Yves de Lessines lance la
construction d’une chapelle « miraculeuse », qui sera achevée par son
successeur, où il y fait célébrer la messe en réparation de l’injure commise.
C’est le point de départ du pèlerinage de Notre-Dame de Cambron, qui assurera
la prospérité de l’abbaye. Il est cité en sa qualité de prieur dans différents
documents, dont des chirographes passés devant la Loi de Brugelette et devant
la Loi d’Isières et de Lanquesait, et un acte de donation, sous différentes
orthographes : « Yves », « Yvon » et « Ives
». Dans le Vieil Rentier des Sires d’Audenarde, on trouve une autre version de
ce prénom : « Yvain », également connu par le roman de
chevalerie écrit un siècle auparavant par Chrétien de Troyes.
La même année, l’Abbaye de Cambron
obtient l’autorisation de célébrer la messe à haute voix, mais portes fermées,
alors qu’un interdit général frappe le Royaume de France. Notre homme n’a-t-il
pas le bras long ?
Un historien de l’époque, Guillelmus
Procurator rapporte avec fidélité, quelques années seulement après les
événements, le récit contenu dans une lettre écrite le 27 mai 1327, par Nicolas
Delhove, Abbé de Cambron à partir de 1322 : il prie tous les évêques et les
prélats de bien vouloir accorder des indulgences aux personnes qui visiteront
la chapelle de la Vierge dans son monastère. En sa qualité de prieur, Yves de
Lessines n’était-il pas le rédacteur, sinon l’instigateur de cette démarche ?
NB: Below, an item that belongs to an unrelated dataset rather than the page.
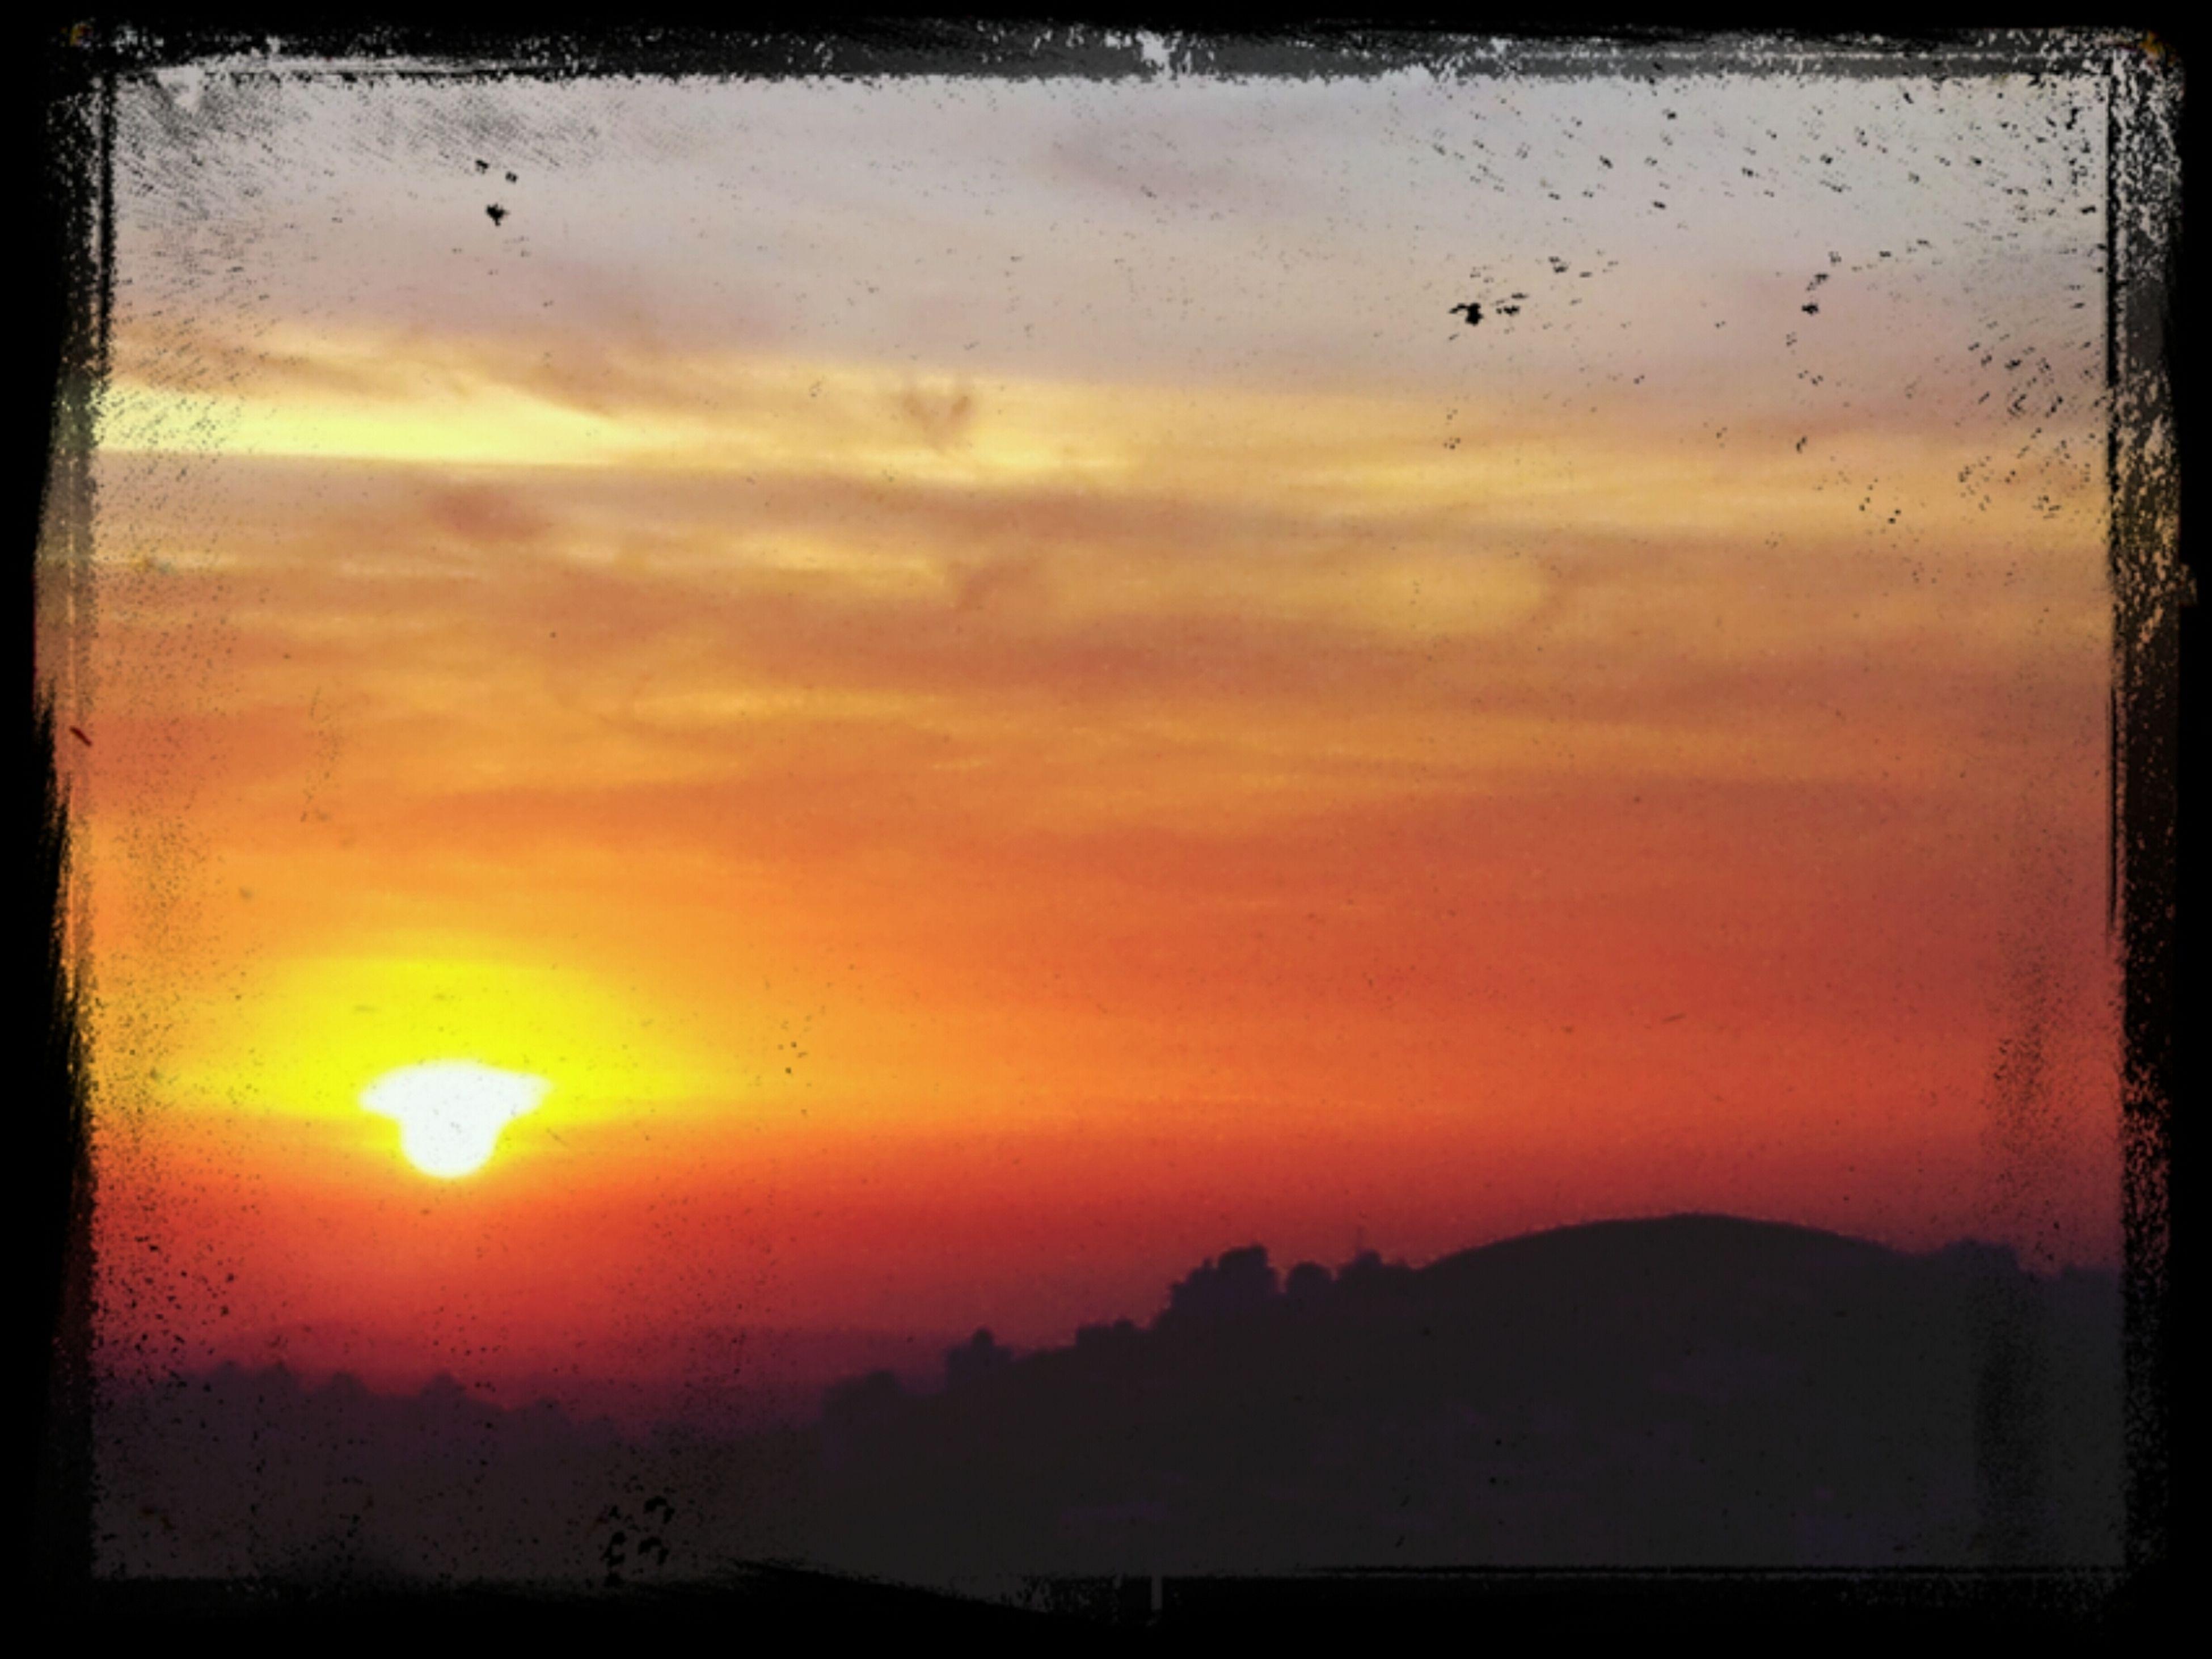 sunset, transfer print, orange color, sky, scenics, silhouette, beauty in nature, tranquil scene, sun, tranquility, auto post production filter, cloud - sky, nature, idyllic, cloud, landscape, dramatic sky, outdoors, sunlight, no people

Yves de Lessines est élu comme abbé
après la mort de son prédécesseur, le 30 avril 1328. C’est à l’occasion de son
investiture qu’il prend son nom d’ordre tiré de son lieu de naissance,
conformément à un usage établi par ses prédécesseurs, et qu’il se choisit,
comme armoiries de fonction, le blason qui sera accordé à la Ville de Lessines
le 3 juillet 1839 : de gueules à trois trangles d’or, une clef
d'argent posée en pal brochant sur le tout, qui se retrouve dans l’armorial des
abbés de Cambron. Ne peut-on pas considérer que le maïeur et les échevins se
sont inspirés pour adopter, vers la fin du 15ème siècle, leur propre sceau, du
blason de cet illustre personnage ? En effet, la documentation héraldique
montre qu’Yves de Lessines est le tout premier à utiliser la clé d’argent symbolique
de Saint Pierre, patron de la Ville de Lessines, placée « en pal »
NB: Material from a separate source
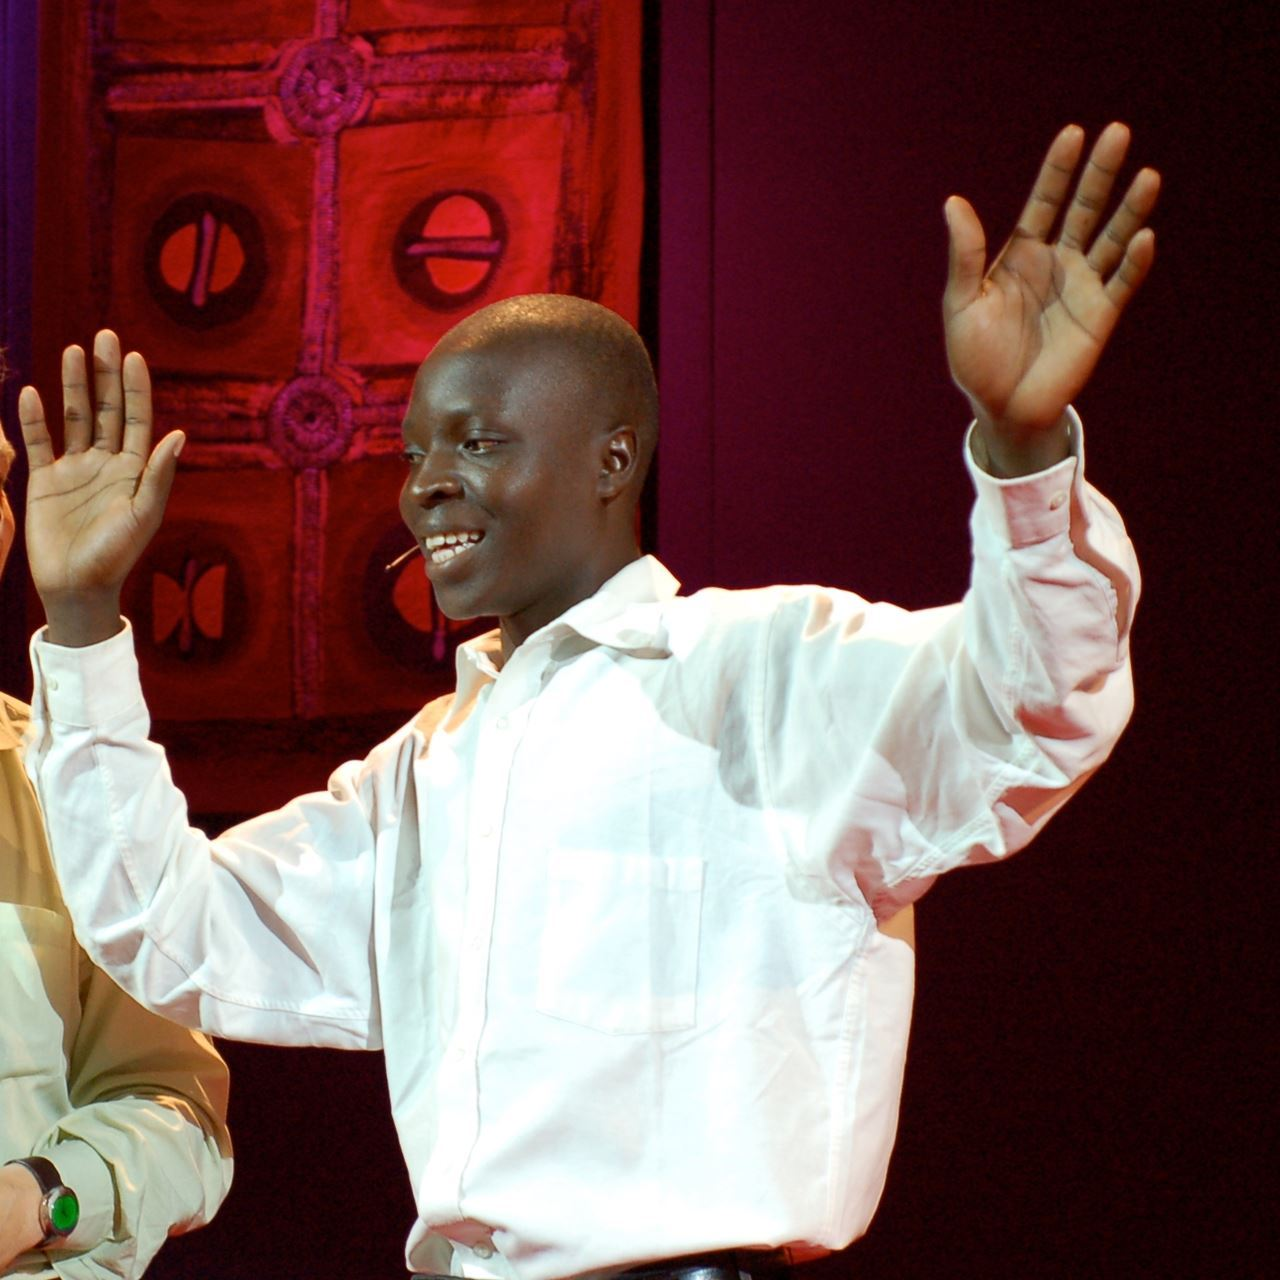 Erik (HASH) Hersman from Orlando (William Kamkwamba) [CC BY 2.0], via Wikimedia Commons

sur les couleurs de la Famille d’Audenarde, qui portaient un écu fascé de
gueules et d’or à six pièces. Son père leur était, d’ailleurs, apparenté :
« Jehans, cui on appele Parentes, ki apries celui Bauduin fu et encore est
castelains de Lessines » (Cartarum Portarii de l’Abbaye de Cambron).
Après son
élection, Yves de Lessines apparaît en
qualité d’abbé dans plusieurs documents, en août et en décembre. On sait qu’il
est déjà fort âgé quand il accède à la prélature ; il est réputé avoir
gouverné la communauté monastique fort louablement le peu qu’il vécut encore et
avoir augmenté les revenus de l’abbaye de manière appréciable.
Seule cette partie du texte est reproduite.